## Problem J5: Bananas

The term “code monkey” is sometimes used to refer to a programmer who doesn't know much about programming. This is unfair to monkeys, because contrary to popular belief, monkeys are quite smart. They have just been misunderstood. This may be because monkeys do not speak English, but only monkey language. Your job is to help humans and monkeys understand each other by writing a monkey language dictionary. For each word that is typed in, your program must determine whether it is a valid monkey language word.

Unlike in English, spelling in monkey language is very simple. Every word in monkey language satisfies the following rules, and every word satisfying the following rules is a monkey language word.

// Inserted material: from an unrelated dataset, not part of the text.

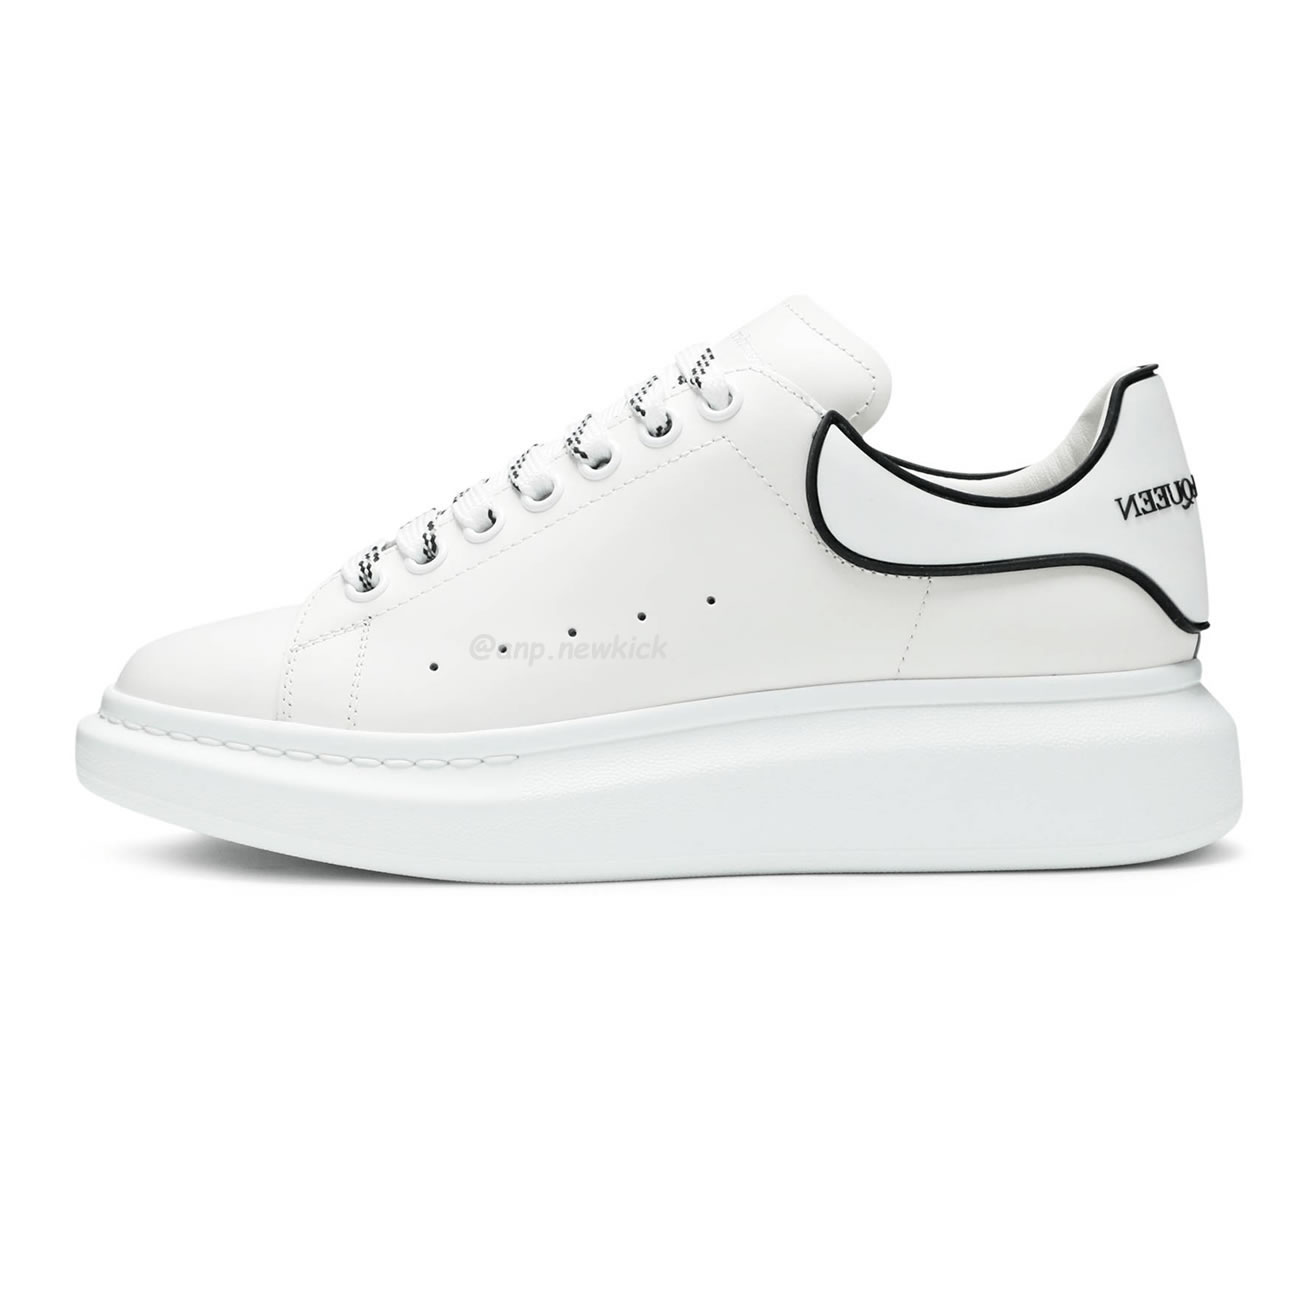 Alexander Mcqueen Oversized Sneaker White Black 625156 Whxmt 9074 (1) - newkick.org

1. A monkey language word is a special type of word called an A-word, which may be optionally followed by the letter N and a monkey language word.
2. An A-word is either only the single letter A, or the letter B followed by a monkey language word followed by the letter S.

Here are some examples:

• The word “A”' is a monkey language word because it is an A-word.
• The word “ANA” is a monkey language word because it is the A-word “A” followed by the letter N and the monkey language word “A”.
• The word “ANANA” is a monkey language word because it is the A-word “A” followed by the letter N and the monkey language word “ANA”.
• The word “BANANAS” is a monkey language word because it is an A-word, since it is the letter B followed by the monkey language word “ANANA” followed by the letter S.

Write a program which accepts words, one word on each line, and for each word prints YES if the word is a monkey language word, and NO if the word is not a monkey language word. The input word “X” indicates the program should terminate, and there is no output for word “X” (even though it is not a monkey word).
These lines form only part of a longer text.